- _EXERCISE PROMPT_: Without including any pictures, give back all of the data exactly.

- _INFORMATION SUPPLIED_:
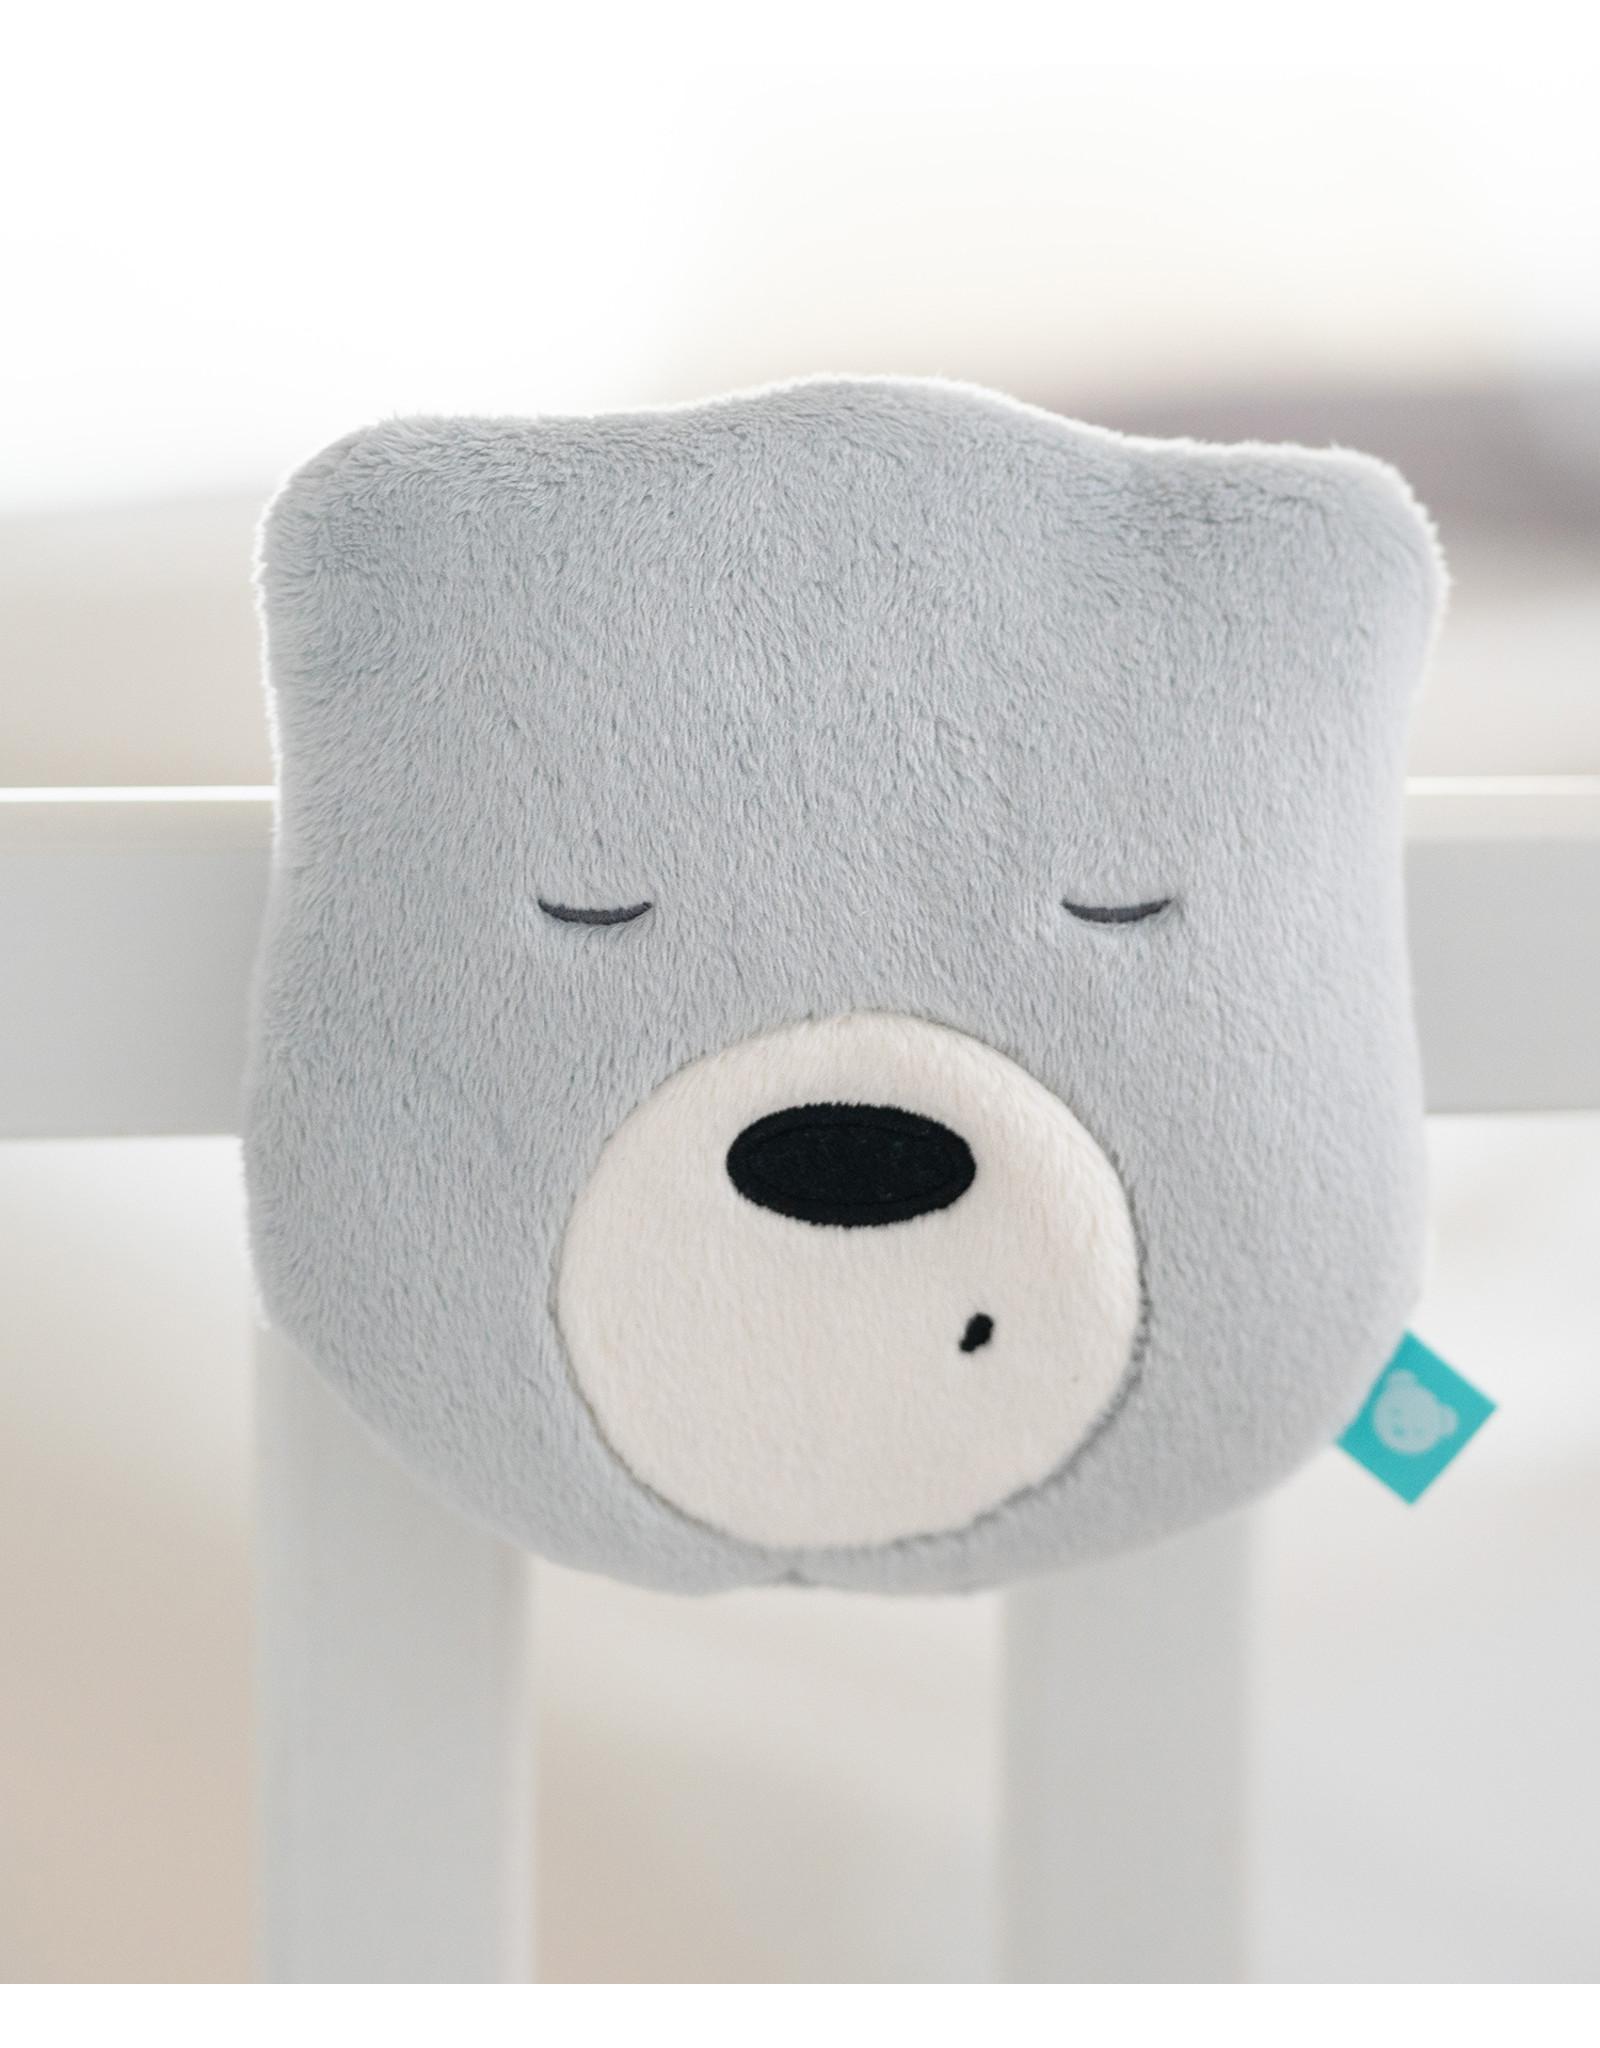 myHummy Mini Sleep Aid- Sleep Sensor Sensory Heart
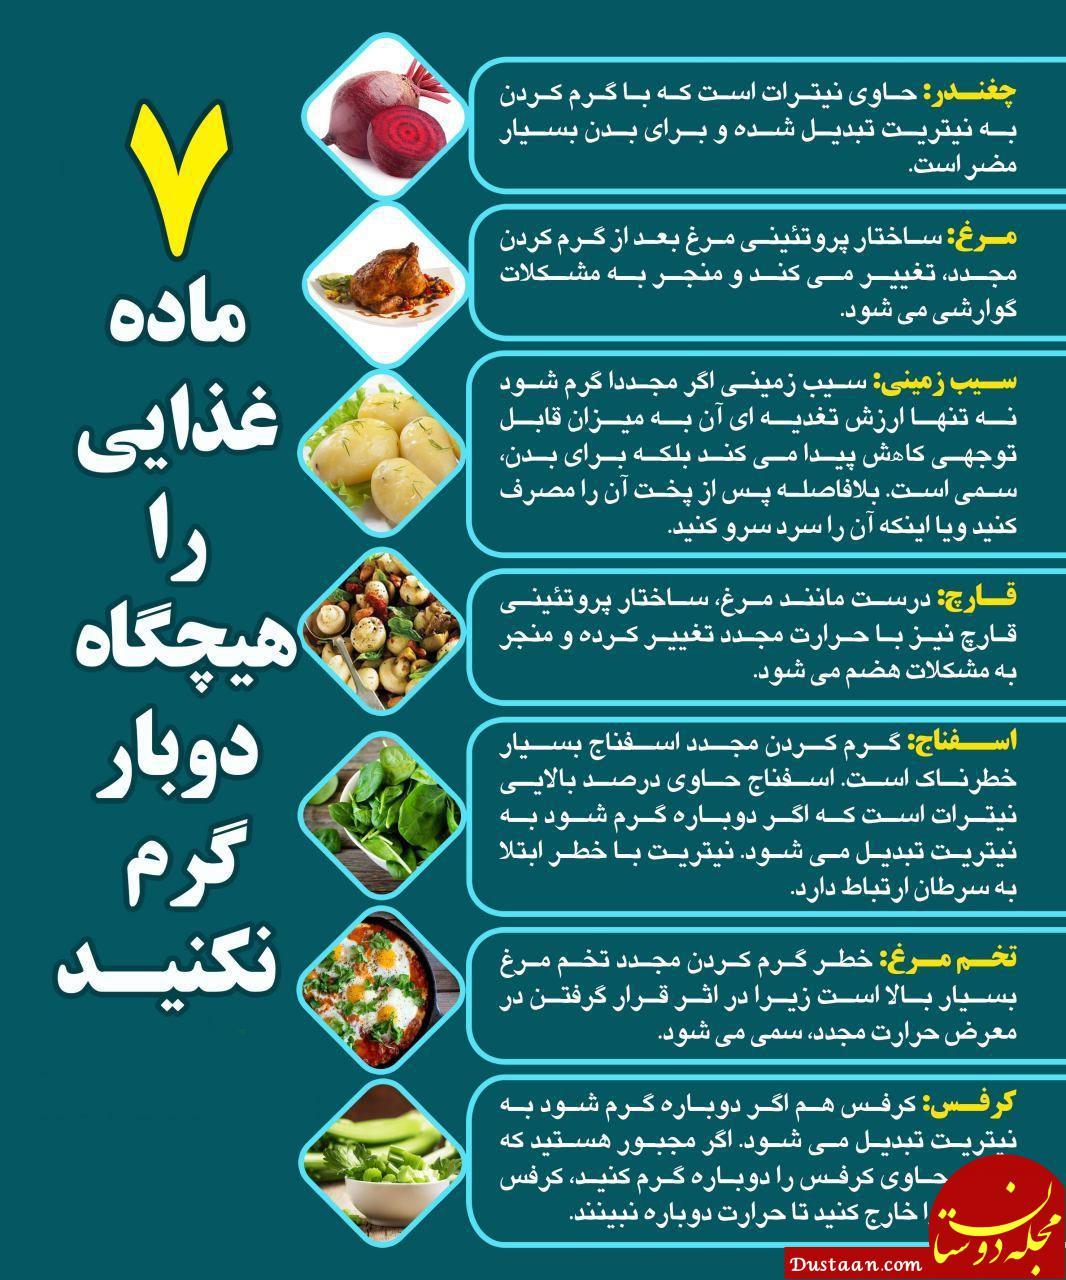 www.dustaan.com این هفت ماده غذایی را هیچگاه دوبار گرم نکنید
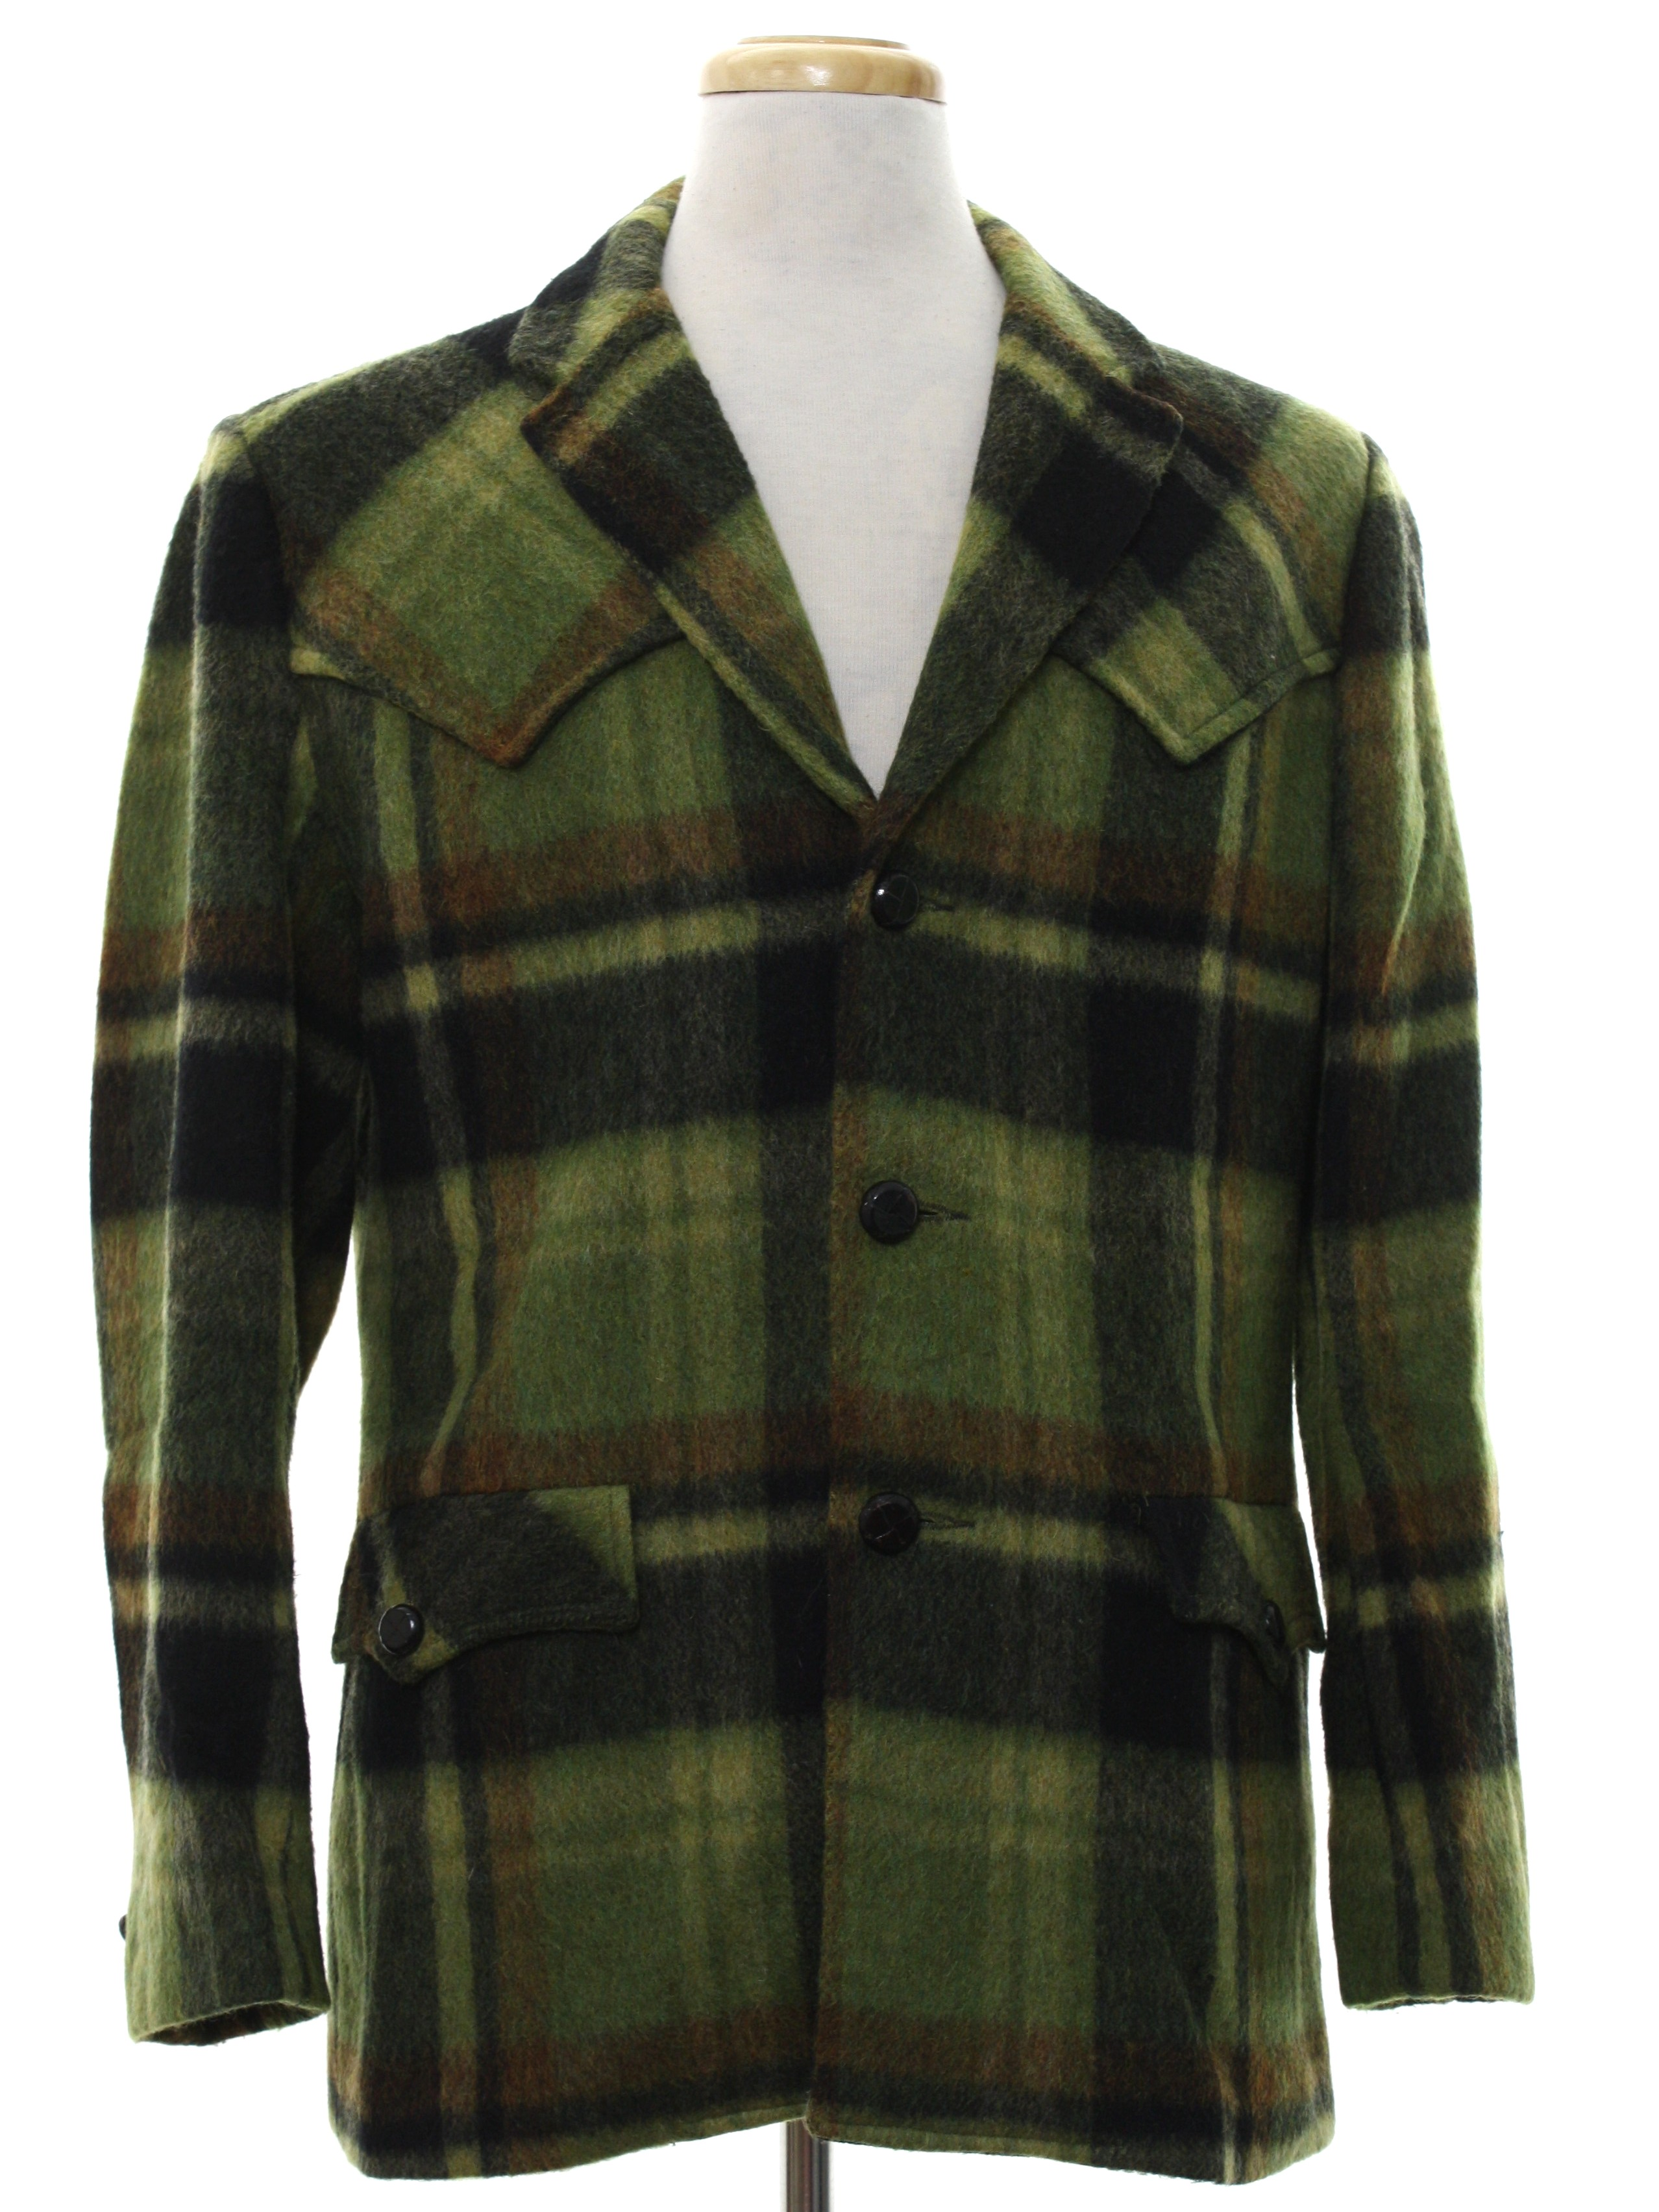 Retro Sixties Jacket 60s Trego Western Wear Mens Green

- _RESULT_:
 myHummy Mini Sleep Aid- Sleep Sensor Sensory Heart
 www.dustaan.com این هفت ماده غذایی را هیچگاه دوبار گرم نکنید
 Retro Sixties Jacket 60s Trego Western Wear Mens Green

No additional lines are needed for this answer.